ORIGINAL CONTENT REVIEW BELOW.
* Just before legendary director William Wyler died, equally legendary director Billy Wilder was interviewed about his feelings about Wyler's films, from "Best Years of Our Lives" to "Roman Holiday" to "Ben Hur" to "Funny Girl."
* Wilder, a tough man who hated schmaltz and sentiment, the director of such classics as "Some Like it Hot," "The Apartment," "The Seven Year Itch" and "Sunset Boulevard," suddenly got emotional, expressing great affection for "The Best Years of Our Lives," noting that it was one of the best films he had ever seen.
* He reacted the way I reacted. He said that it was the only film that he could remember where he and the entire audience were drenched in tears within the first 10 minutes. It was an unforgettable experience for him, and he recognized immediately that "The Best Years of Our Lives" was obviously a deeply personal work for Wyler, where every scene, every frame, every note of music and word of dialogue, rang true with authenticity and emotion. This was Wyler's territory. He knew the material. And many of the scenes that were shot mirrored his own experiences when he returned home from war.
* This is why, after so many viewings, I still can't get over the fact that no matter how many times I say to myself, "I'm not going to be moved by this or that scene," I fail miserably. I just can't help it. To say that this is a great film is an understatement of the highest order. And yet I can only count on one hand the number of friends I know who have seen this film from start to finish. I think the running length has something to do with it. You never see it on commercial television at all and unless you're lucky enough to have cable, you'll miss it entirely. And it's not a film that people are banging down the doors to rent.
* The wonderful thing about "The Best Years of Our Lives" is that it still holds up beautifully, unlike a lot of films that seem awkward or stilted. Fredric March, as the patriarch of the family (in an Oscar winning role), is stupendous. His acting and delivery of lines seems effortless and spontaneous, not the product of a script recited from memory. And to have Myrna Loy as his partner and the wonderful Teresa Wright playing his daughter (the latter an Oscar winner a few years earlier in "Mrs. Miniver"), how can you lose?
* Like all great films, time has no meaning. The story sweeps you along like a great wave -- a ride -- that you never want to end.
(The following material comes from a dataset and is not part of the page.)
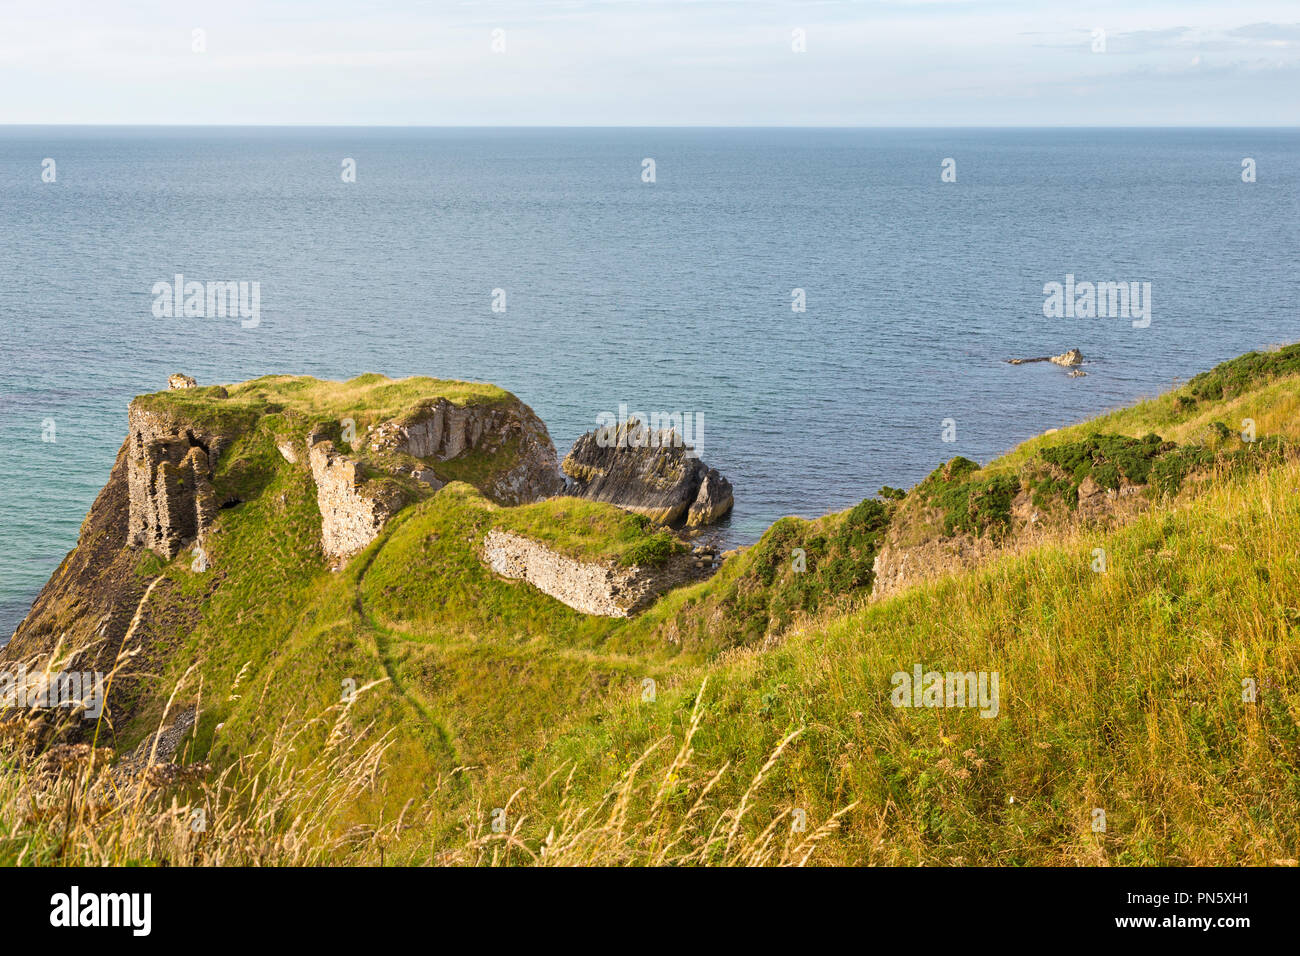 View of Findlater Castle over looking the Moray Firth in Scotland Stock Photo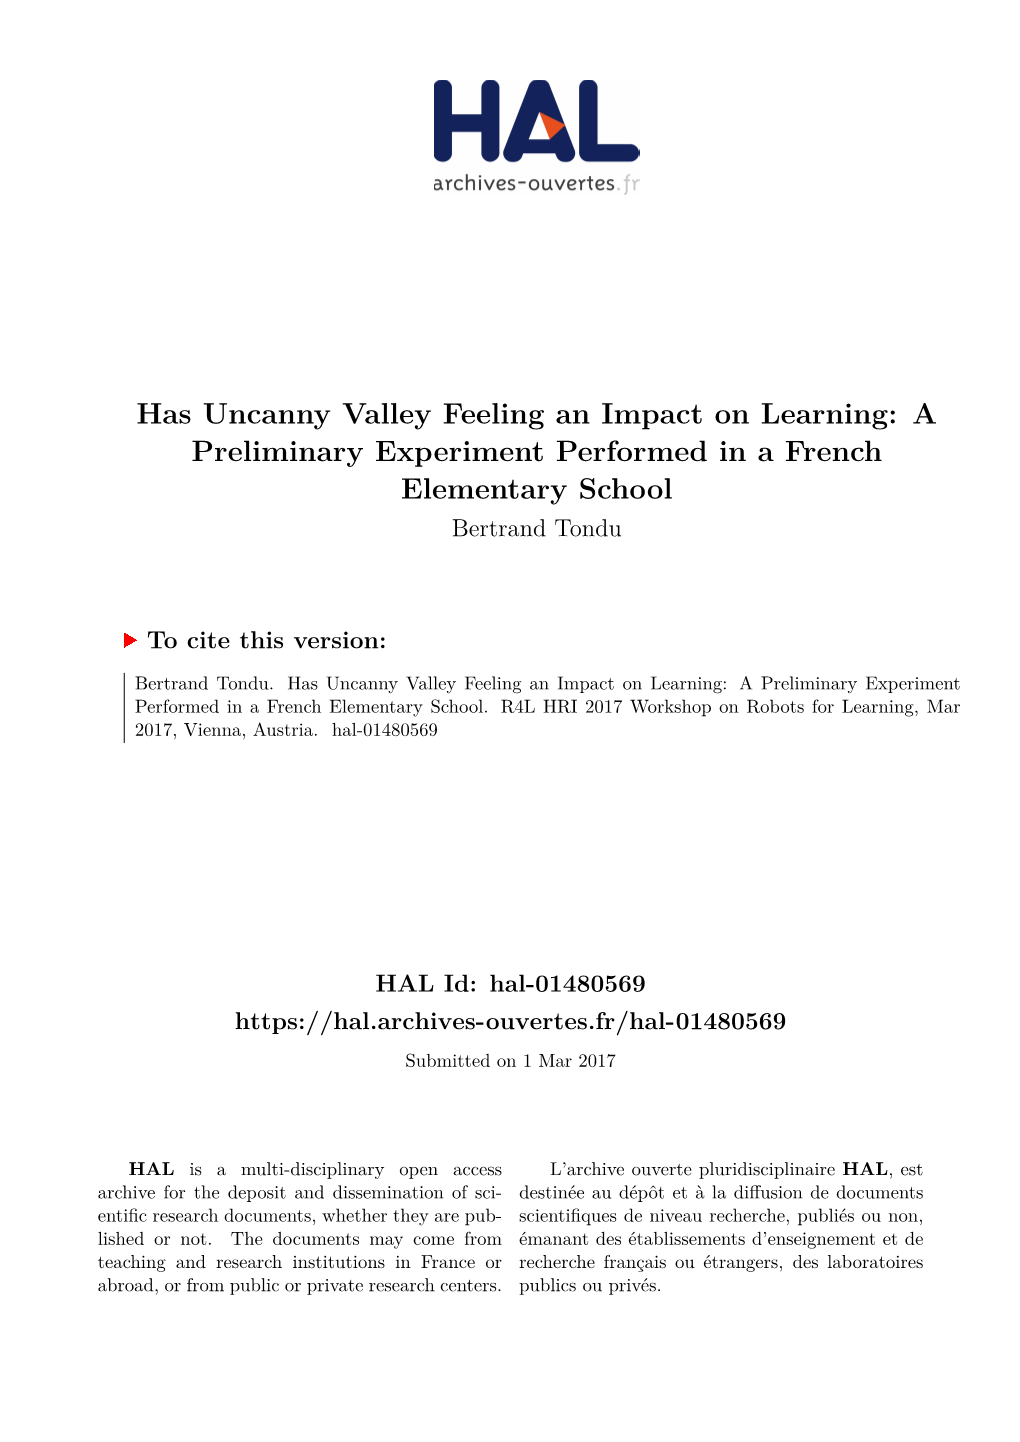 Has Uncanny Valley Feeling an Impact on Learning: a Preliminary Experiment Performed in a French Elementary School Bertrand Tondu

The famous "long hallway homecoming shot" that appears in the first 10 minutes of the film -- I don't care that it's the scene that most people remember and is usually the ONLY scene that turns up in any highlight reel of greatest films ever made -- it gets me every time.
* And the ending, the last line from the movie, the one uttered by Dana Andrews -- despite the sentimental setting -- is so fabulously understated and cynical and yet filled with such hope, that you can't help but be -- what I describe as being -- "happily devastated." It's a wonderful ending that purposely leaves you guessing about what will become of the characters played by Teresa Wright and Dana Andrews, but you can't help but feel that their future looks bright in spite of their apparent state of destitution.
* I just wish more people would see this film. There's a treasure chest of great movies from the past that people overlook every day. This is one of them. I pity people who still buy or rent movies based on slick packaging alone.
* I would rather pay $10 to see this film on the big screen or less than $20 to own this film so I can see it on a little screen -- than pay about $4 to rent junk that has a good looking box -- and a few great critical reviews from people you've never heard of.
* Some films are good enough to rent, but only a few films are good enough to buy. "The Best Years of Our Lives" is a film to BUY.